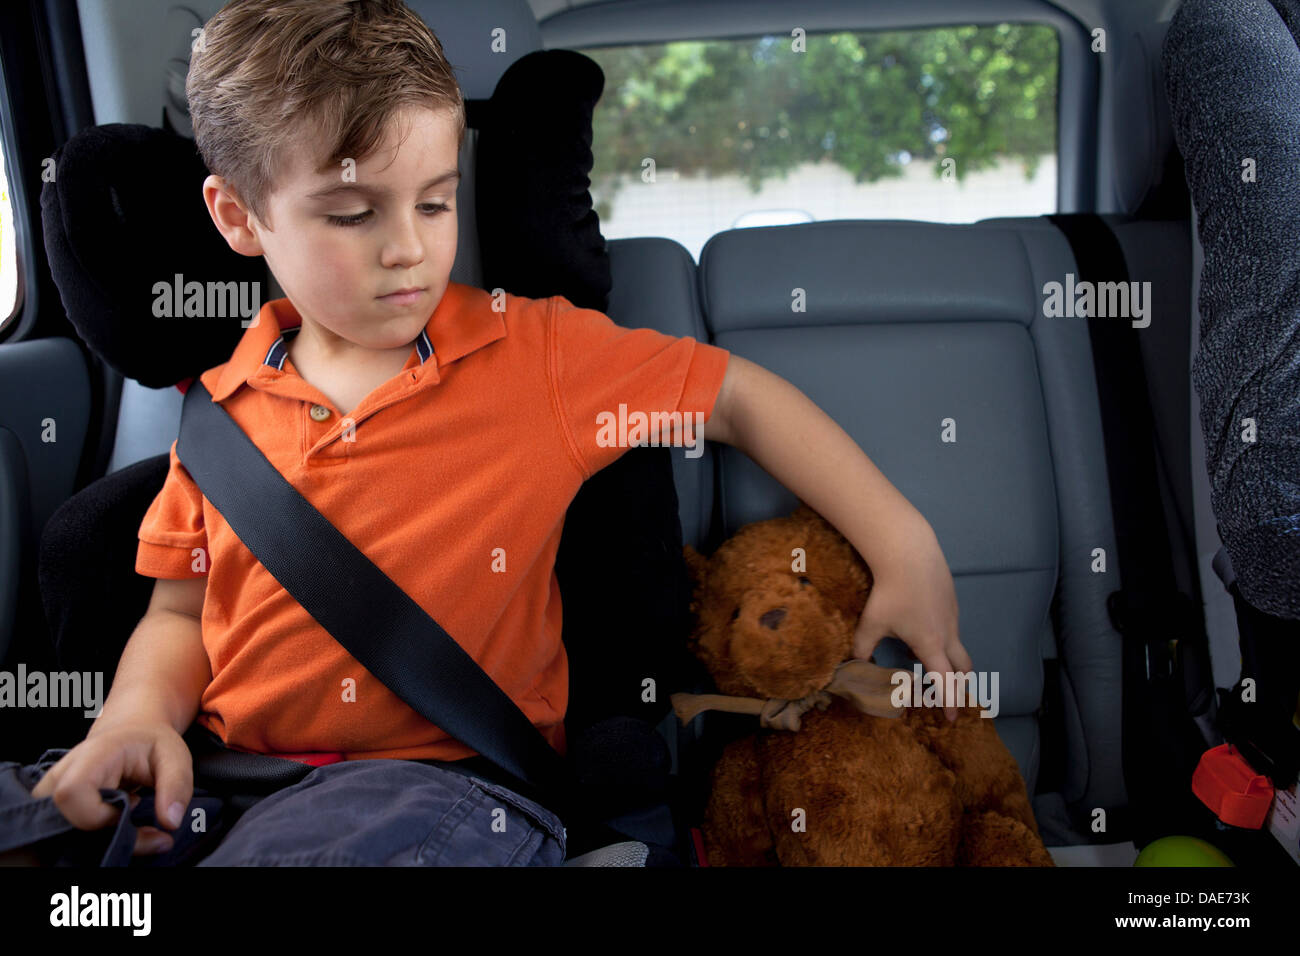 teddy bear in car stockfotos teddy bear in car bilder. Black Bedroom Furniture Sets. Home Design Ideas
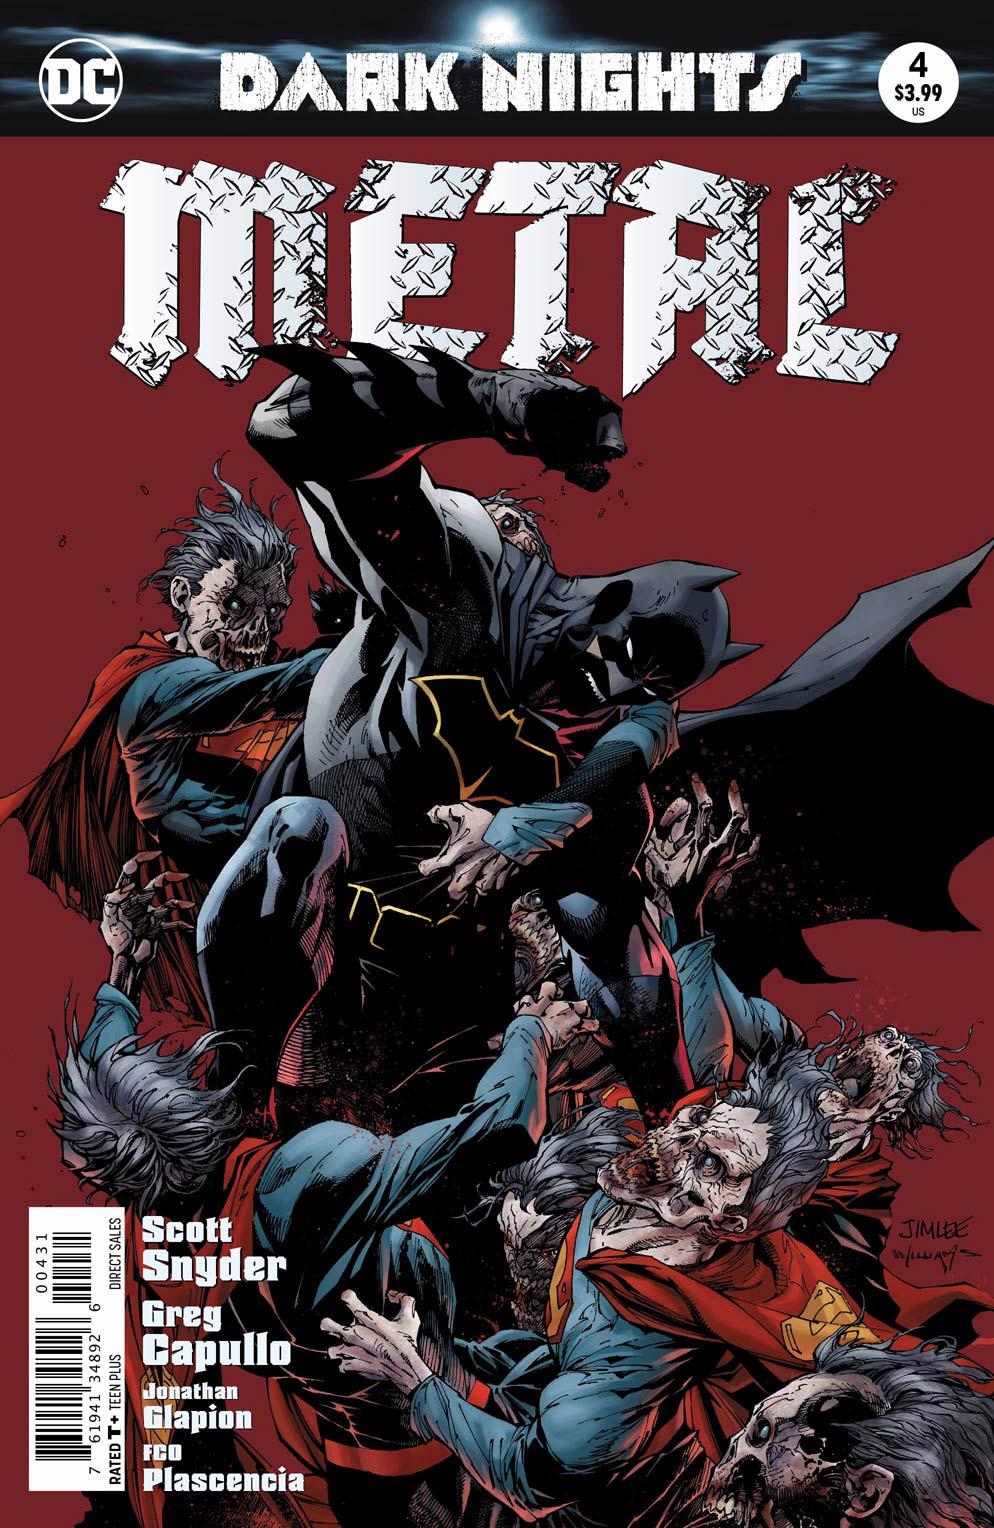 Dark Nights Metal 4 Variant - DC Comics News
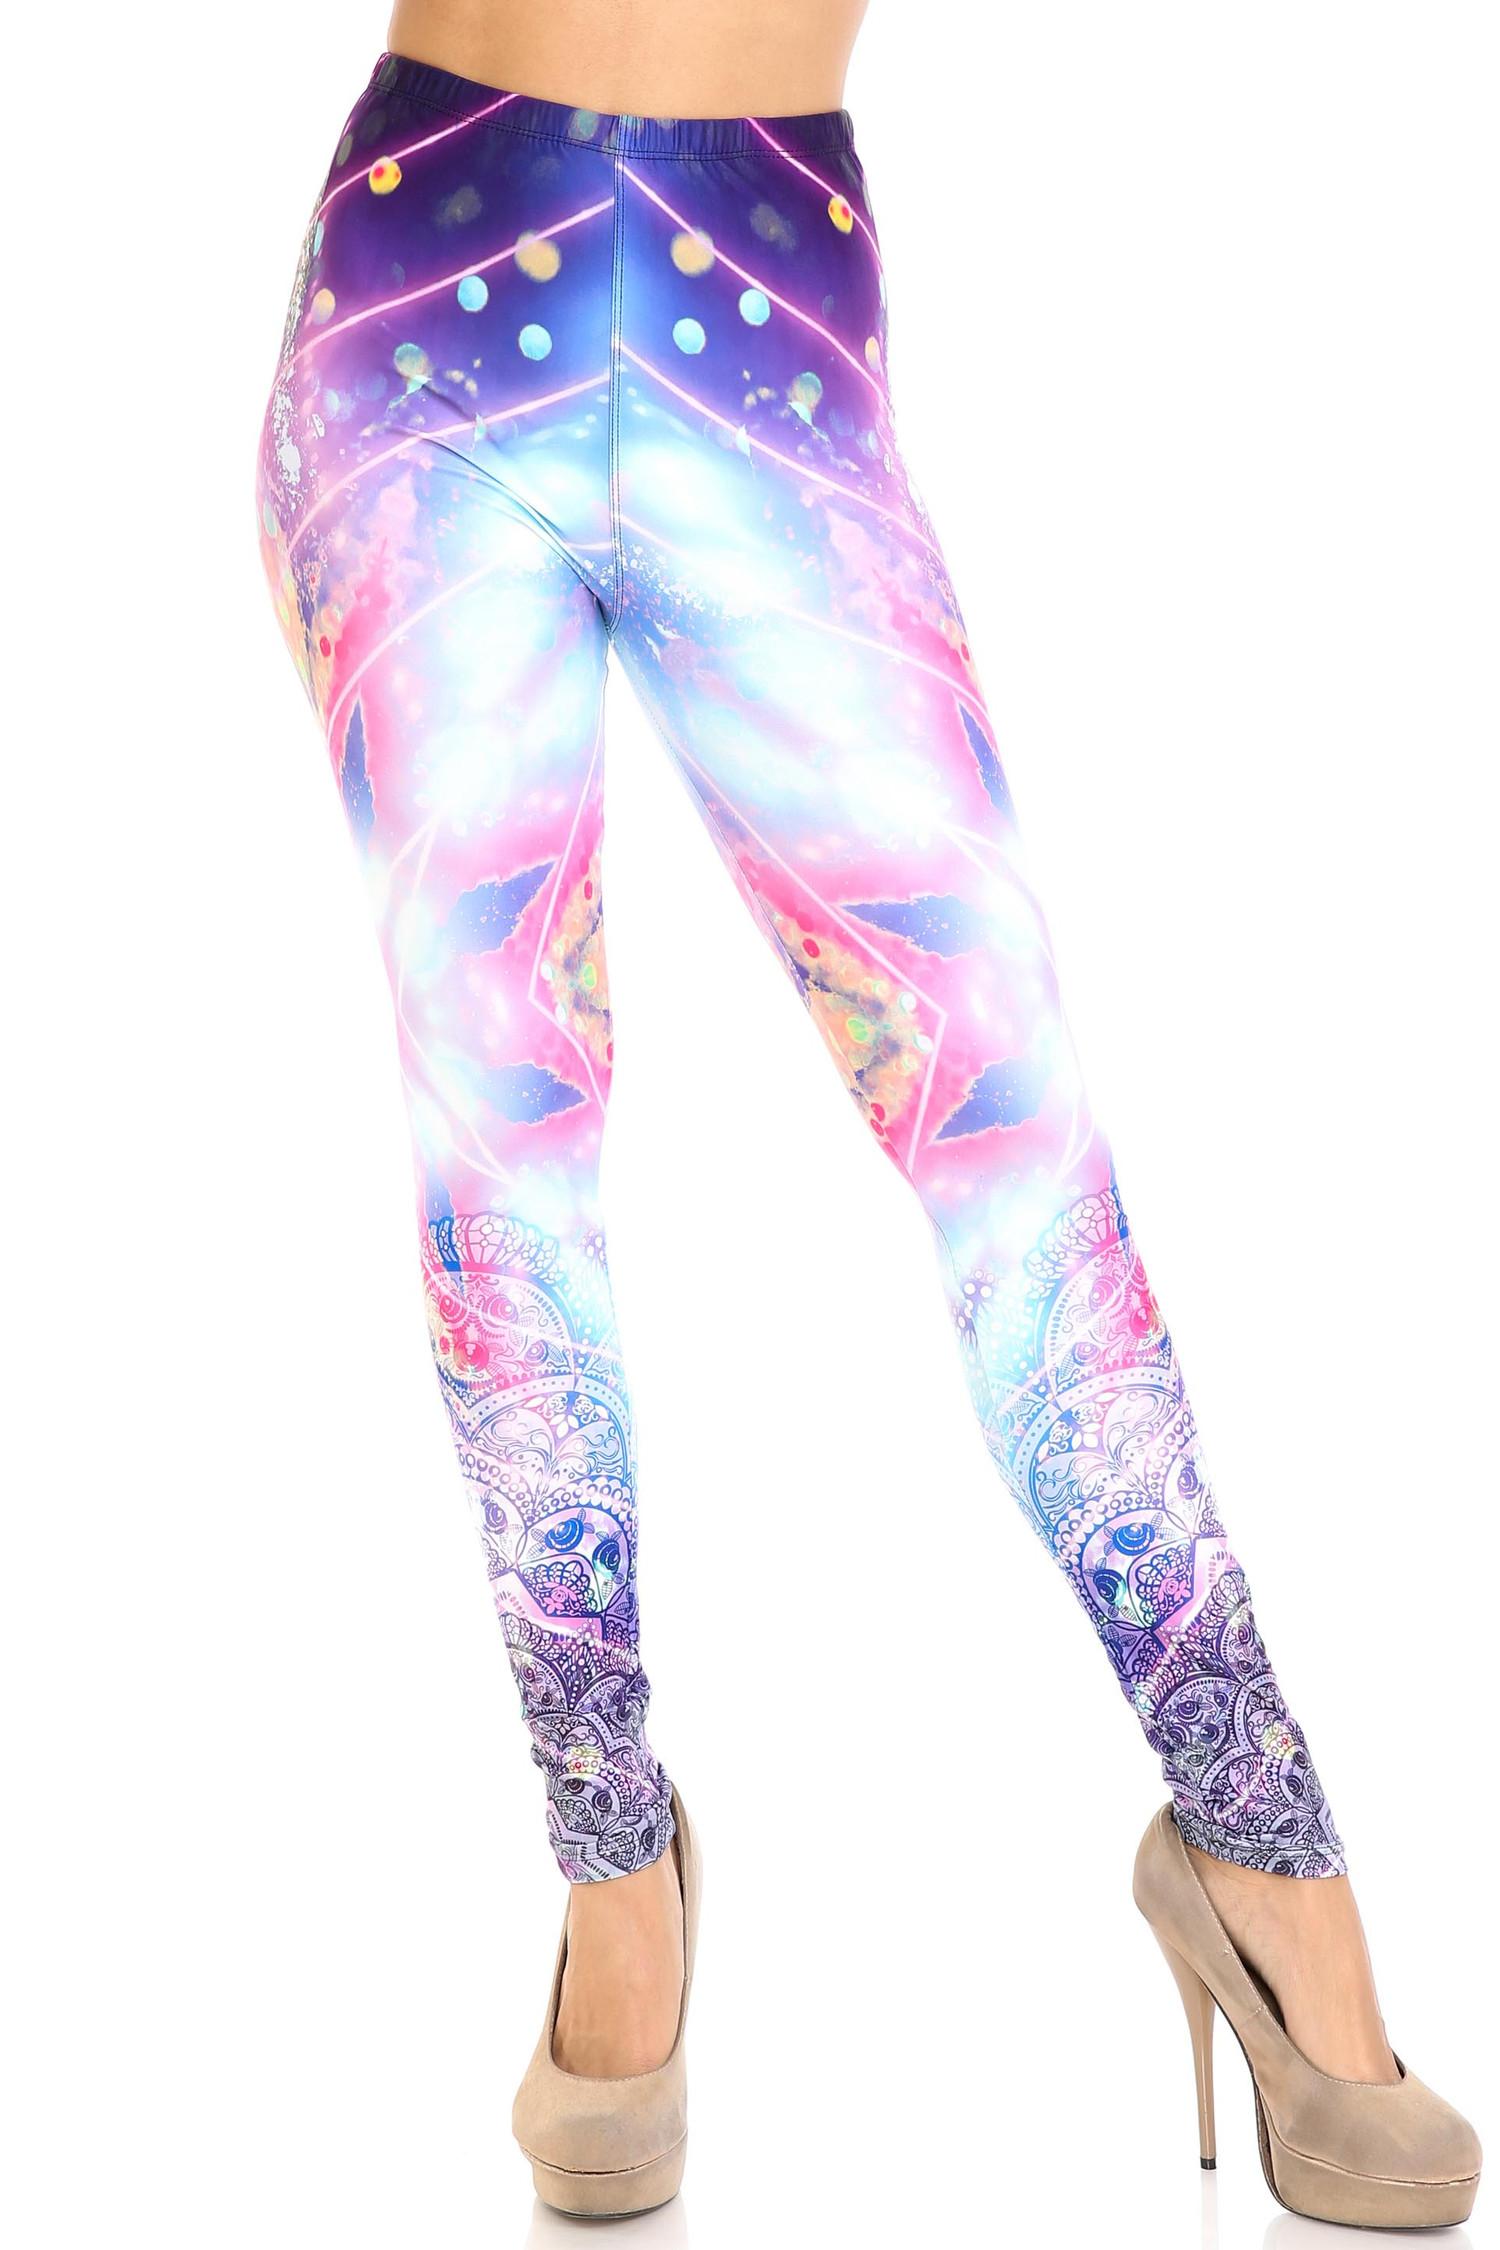 Creamy Soft Purple Mandala Lights Leggings - By USA Fashion™
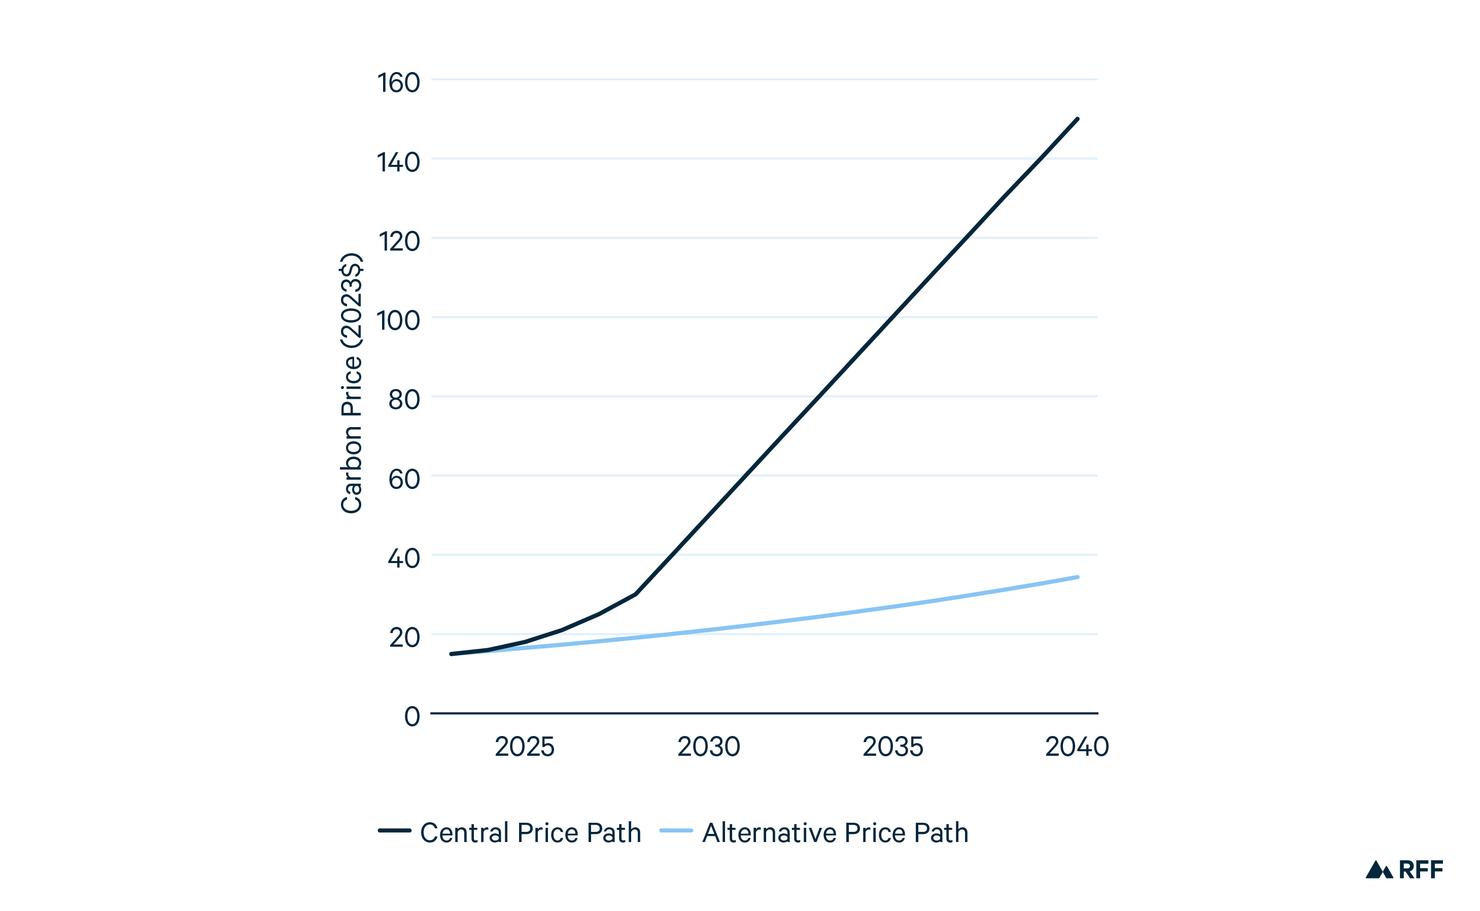 Carbon Price Paths

> _What the task asks_:
Could you write out exactly the lines from the line containing "Creamy Soft Purple" to the end of the material, and nothing else? No pictures belong in the copy.

> _Problem solution_:
 Creamy Soft Purple Mandala Lights Leggings - By USA Fashion™
 Carbon Price Paths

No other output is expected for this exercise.